-- Directions --
Lines below starting with the line with "Vidéo de la" and going on through the line with "bộ đôi serum" must be output exactly; the rest of the records must be left out.

-- Information shown --

- Opening Delimiter -

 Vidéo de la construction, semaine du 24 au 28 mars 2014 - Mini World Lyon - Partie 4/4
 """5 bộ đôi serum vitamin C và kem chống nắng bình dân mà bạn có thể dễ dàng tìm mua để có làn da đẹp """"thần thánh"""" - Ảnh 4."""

- Closing Delimiter -
- Opening Delimiter -

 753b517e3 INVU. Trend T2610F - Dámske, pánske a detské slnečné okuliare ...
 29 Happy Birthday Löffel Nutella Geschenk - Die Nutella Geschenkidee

- Closing Delimiter -
- Opening Delimiter -

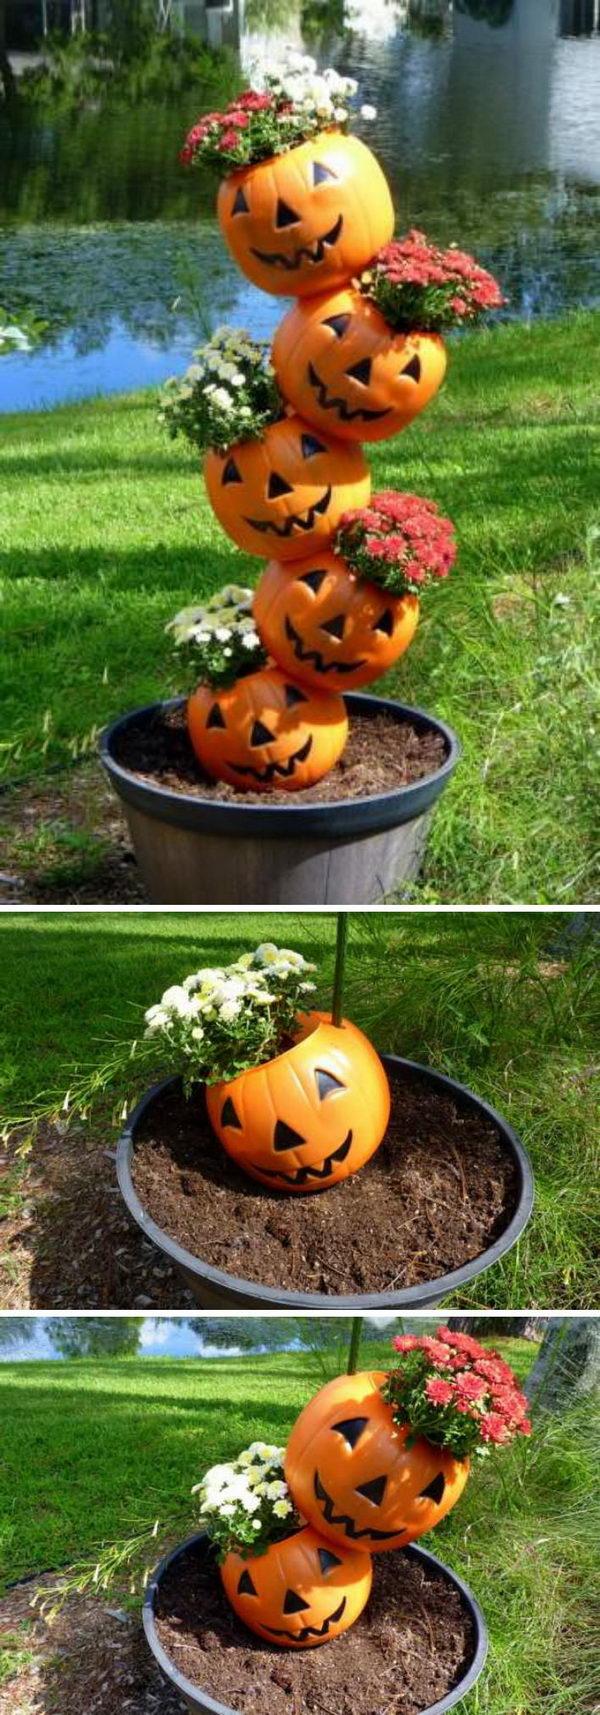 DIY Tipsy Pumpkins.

- Closing Delimiter -

-- Response to the task --
 Vidéo de la construction, semaine du 24 au 28 mars 2014 - Mini World Lyon - Partie 4/4
 """5 bộ đôi serum vitamin C và kem chống nắng bình dân mà bạn có thể dễ dàng tìm mua để có làn da đẹp """"thần thánh"""" - Ảnh 4."""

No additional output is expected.